In the application we use paradata from all three categories in a three-arm mixed mode survey with computer-, paper- and web-based competence assessment in the National Educational Panel Study (NEPS). The study was designed to investigate how survey costs can be reduced by introducing computer-based assessment and replacing group testing of participants invited to universities (highly standardized testing, low participation rates, low dropout during test sessions) with online assessment (minimal degree of standardization, low response burden, high response rates for the beginning of the test, high dropout rates during sessions). Response- and process-related paradata from paper-based assessment were collected using digital pens. We focus on filtering cases from the online assessment with respect to the criterion of acceptable psychometric invariance to group testing. Access-related paradata are used to filter participants taking the test at extreme times. Response-related paradata, in particular response times, are used to filter rapid guessing (i.e., test-taker with responses faster than a threshold that is derived from the comparison between modes). Finally, process-related paradata, i.e., raw-log events, are analyzed using FSM’s. We show that, for instance, breaks of different length in the response process indicated by the absence of any logged interaction between test-taker and assessment platform can be used to effectively filter online-cases with lower data quality.
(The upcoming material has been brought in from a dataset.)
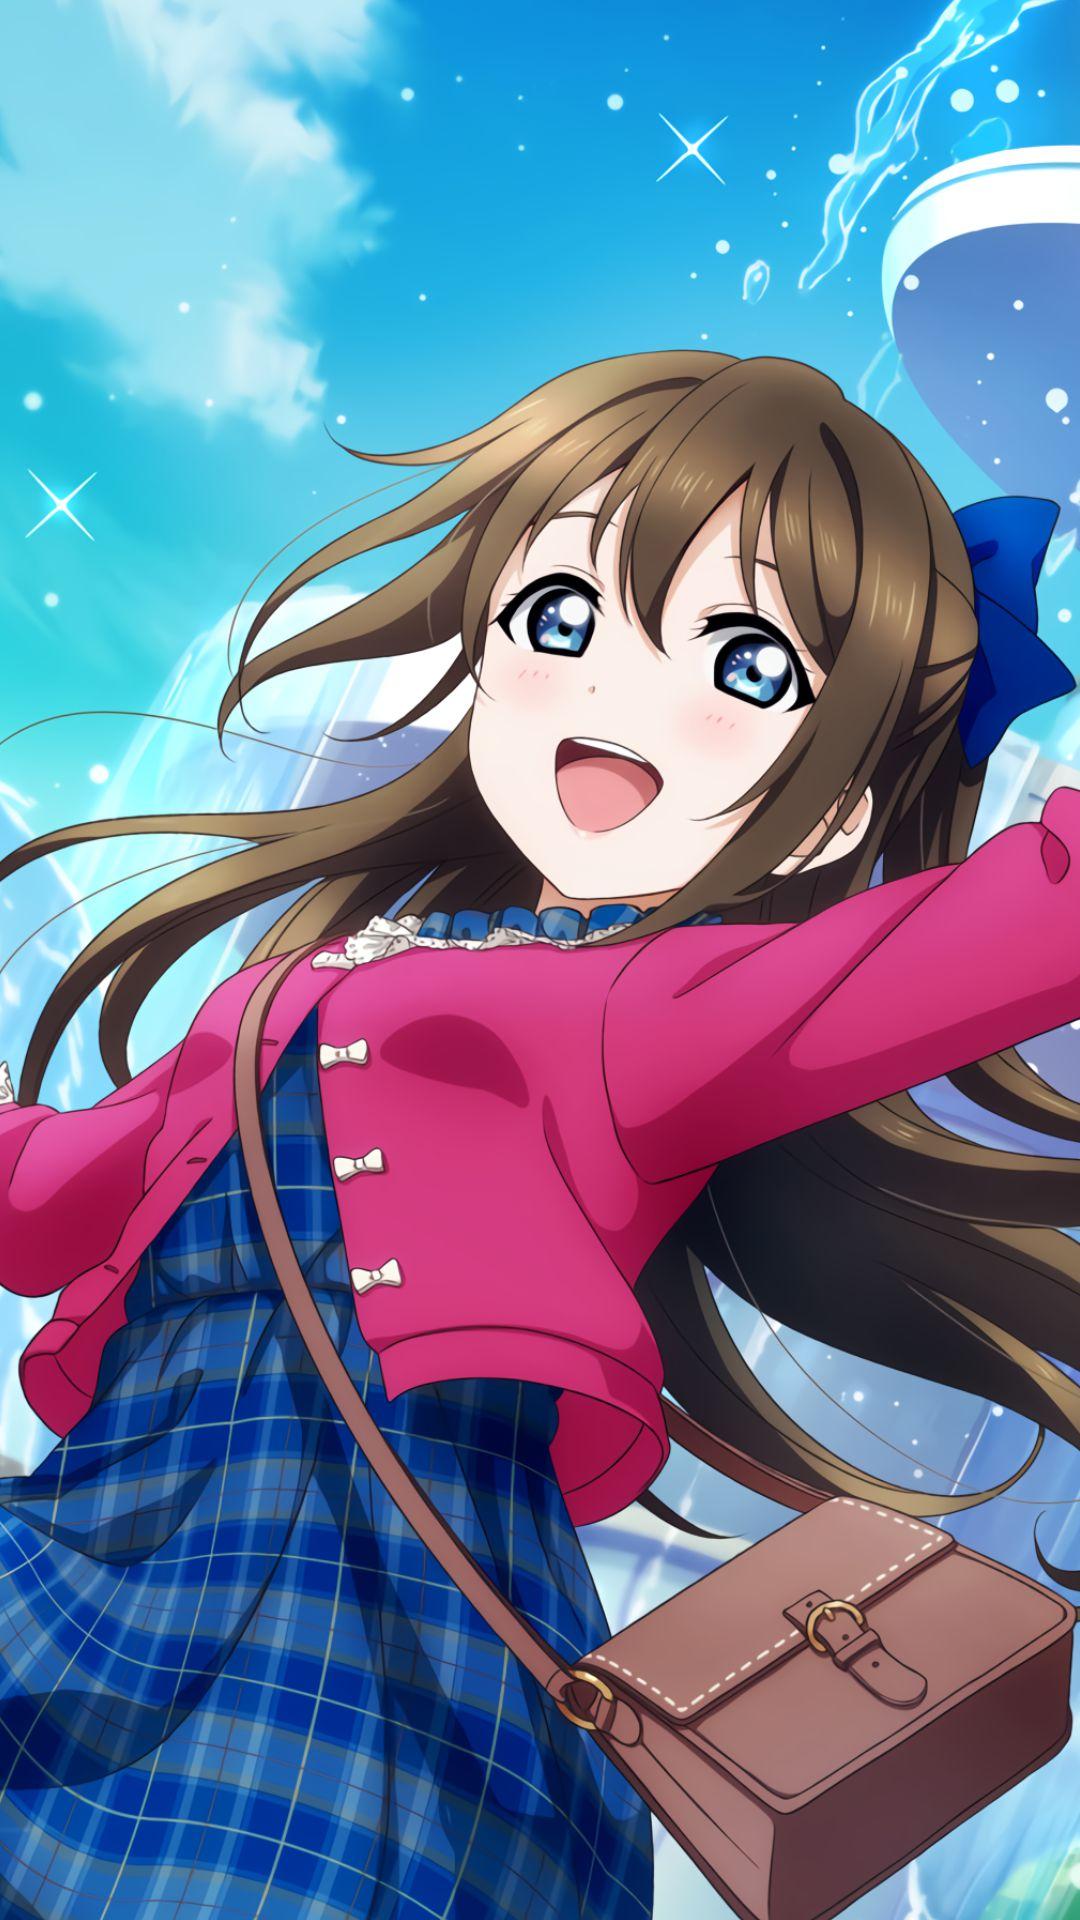 ラブライブ虹ヶ咲-桜坂しずくiPhone壁紙,Androidスマホ用画像

Although the true reason for those breaks, that do not occur under standardized assessment conditions, is unknown, we suggest to interpret longer periods of inactivity as distraction or lack of interest. Using all filters together, we obtained a sub-sample acceptable in terms of invariance and with a resulting response rate that is still higher compared to the group testing.
In the discussion we summarize a) the conclusions drawn from the experimental study for upcoming mixed mode competence assessment in NEPS and b) current challenges to increase the quality of paradata.